Maak je je oprit waterdoorlatend, plant je bomen aan, vang je regenwater op of vergroen je je gevel? Dan mag je in ruil meer terras aanleggen als je wil. Wil je je voortuin ontharden door een karrespoor te voorzien in ruil voor een groter terras of tuinberging in de achtertuin; dan kan dat. Een extra carport in ruil voor vergroening van bestaande platte daken, wat nu niet verplicht is? Idem! Wie meer wil verharden kan dus gebruikmaken van de groenblauwe compensatiemogelijkheden.
We werken zoals gezegd ook obstakels weg die isolatie van huizen bemoeilijken en maken ook kleinschalige energie opwekking mogelijk. Denk bijvoorbeeld aan stedelijke windenergiesystemen als optopping van bestaande en nieuwe hoge gebouwen of aan de plaatsing van buitenunits van warmtepompen.

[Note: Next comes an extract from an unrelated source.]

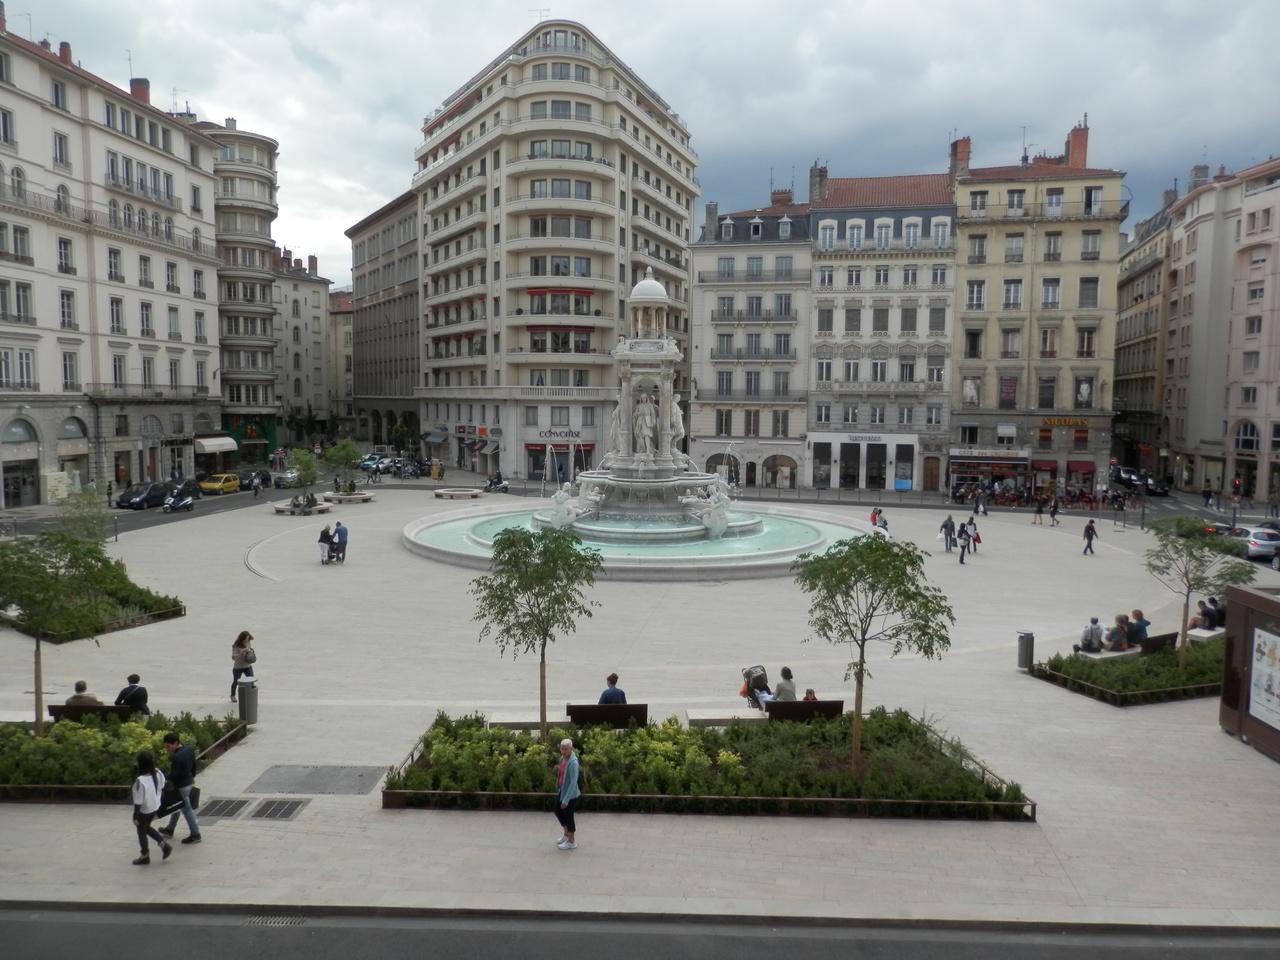 Площадь Якобинцев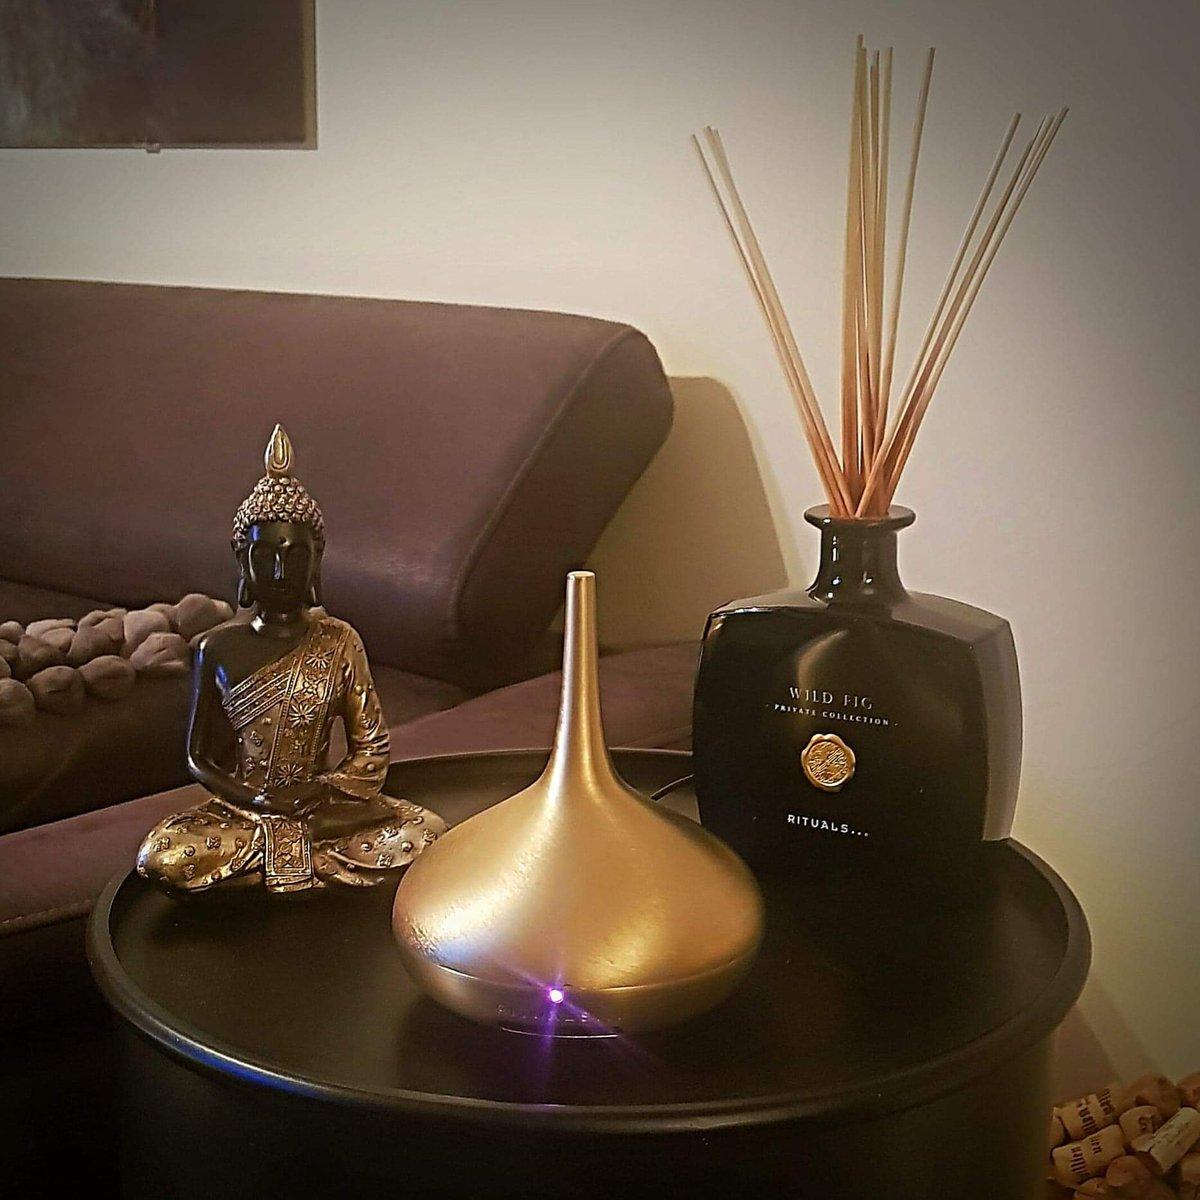 Rituals genie | RITUALS Parfum GENIE. 2020 01 26

We stappen ook af van de “donkere roofing” om het hitte effect in de stad tegen te gaan. Lichtgetinte roofing heeft het bijkomende voordeel dat ze ook de opwarming van het gebouw zelf tegengaan, en het rendement van zonnepanelen verhogen. Kortom, meer vertrouwen in de Antwerpenaar en iedereen die in de stad wil investeren!
Een gezonde woonmix
We garanderen kwaliteit door minimale oppervlaktenormen voor appartementen op te nemen in de bouwcode. We leggen die minima realistisch vast, omdat dit anders druk zet op het betaalbaar wonen. Ook beschermen we de eengezinswoning tegen opdeling en verplichten we een gezonde mix van het woonaanbod (woningtypes- en grootte).
Voor de grotere projecten betekent dit dus bijvoorbeeld een mix van 3-slaapkamerappartementen, 2-slaapkamerappartementen en 1-slaapkamerappartementen, waardoor je een heel divers publiek kan bedienen.
Hospitawonen (op kot gaan) wordt mogelijk in ééngezinswoningen. Het “kotmadamprincipe”, zeg maar. We stellen een maximum van twee studenten per eengezinswoning in. We hebben ook aandacht voor nieuwe trends die vooral bij jongeren/starters populair zijn: zoals woningdelen/co-living. Samenhuizen wordt dus mogelijk gemaakt. Van woningdelen (small) en co-living (medium) gaat het richting co-housing (large). Zo zal er duurzaam samengeleefd worden in een eengezinswoning; bijvoorbeeld door twee jonge koppels. Ook grotere co-livingprojecten worden gefaciliteerd, weliswaar onder bepaalde voorwaarden zodat kwaliteit wordt gegarandeerd.
Wat met de auto?
De focus blijft liggen op parkeren op eigen terrein. Dat geldt zowel voor fiets als auto. We faciliteren ook buurtparkings en het meervoudig gebruik van parkings.
Conclusie
Van 47 naar 33 artikels zijn we geëvolueerd. Dat levert een nieuwe bouwcode met minder regels, meer duidelijkheid en vooral ook meer vertrouwen op. Minder regels, maar meer eigentijdse thema’s. De wereld is immers veranderd, denk aan economie, klimaat en energie bijvoorbeeld. Slim omgaan met de ruimte die er is; daar draait het om.